A year ago, the star financial analyst -- who shot to fame when she predicted the 2008 financial crisis -- set off a stampede when she said that investors in municipal bonds were headed for trouble. Budget problems in cities and states, she told ’60 Minutes,’ would lead to ’50 to 100 sizeable defaults. More. This will amount to hundreds of billions of dollars’ worth of defaults.’
The time frame she gave: ‘It’ll be something to worry about within the next 12 months.’
Her prediction was scoffed at by municipal experts, who noted that Whitney had little expertise in municipal finances, but the call still led investors to pile out of municipal bonds, terrifying municipalities.
Now that Whitney’s 12 months are up, it is not surprising that analysts are holding Whitney to account with more than a hint of schadenfreude.
There were indeed two big defaults -- Harrisburg, Pa., and Jefferson County, Miss. -- but after that the list falls off. A few of the headlines that greeted the anniversary: Meredith Whitney Still Dead Wrong on Munis, Happy First Birthday, Terrible Meredith Whitney Call and Not Only Was Meredith Wrong....
Bloomberg has noted that investors who ignored Whitney’s call could have made millions investing in municipal bonds, which turned out to be one of the year’s best investments.
Whitney has been quiet in these anniversary events, but in the middle of the year she argued on CNBC that while the defaults might not happen this year, it is only a matter of time.
‘I can’t believe I’m the only person talking about it,’ she said.

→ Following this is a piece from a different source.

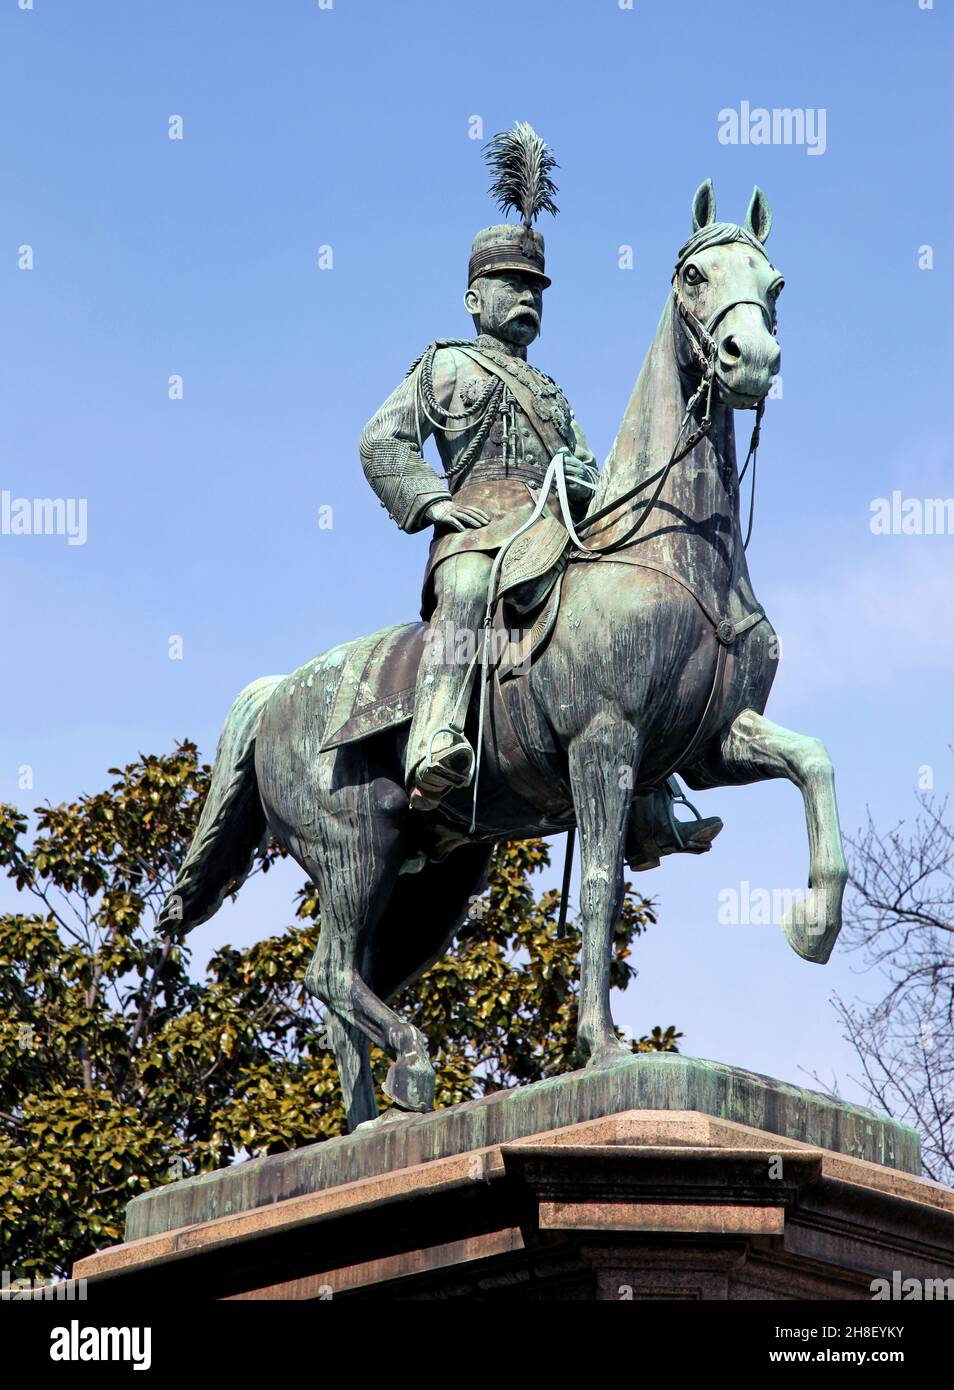 Die bronzene Reiterstatue des Prinzen Komatsu Akihito im Ueno Park, Tokio. Er war ein japanischer Karriereoffizier in der kaiserlichen japanischen Armee. Stockfoto

But John Moussea, a municipal analyst at Cumberland Advisors, wrote in a note to clients this week that municipal finances have actually improved over the last year, making more defaults less likely:
State governments recently finished the seventh consecutive quarter of rising tax receipts. This followed five straight quarters of declines from the fall of 2008 through the end of 2009. To be sure, many states and cities are still struggling to rein in rising pension costs, as well as dealing with the loss of federal dollars. But many states have made deep cuts in expenses and, in most cases, budget gaps have been closed without reliance on one-time solutions.
Rather than gloating, Moussea closes on a note of holiday cheer, saying that municipal bonds have ‘made the long trip back from the despair of a year ago. And for that we are thankful.’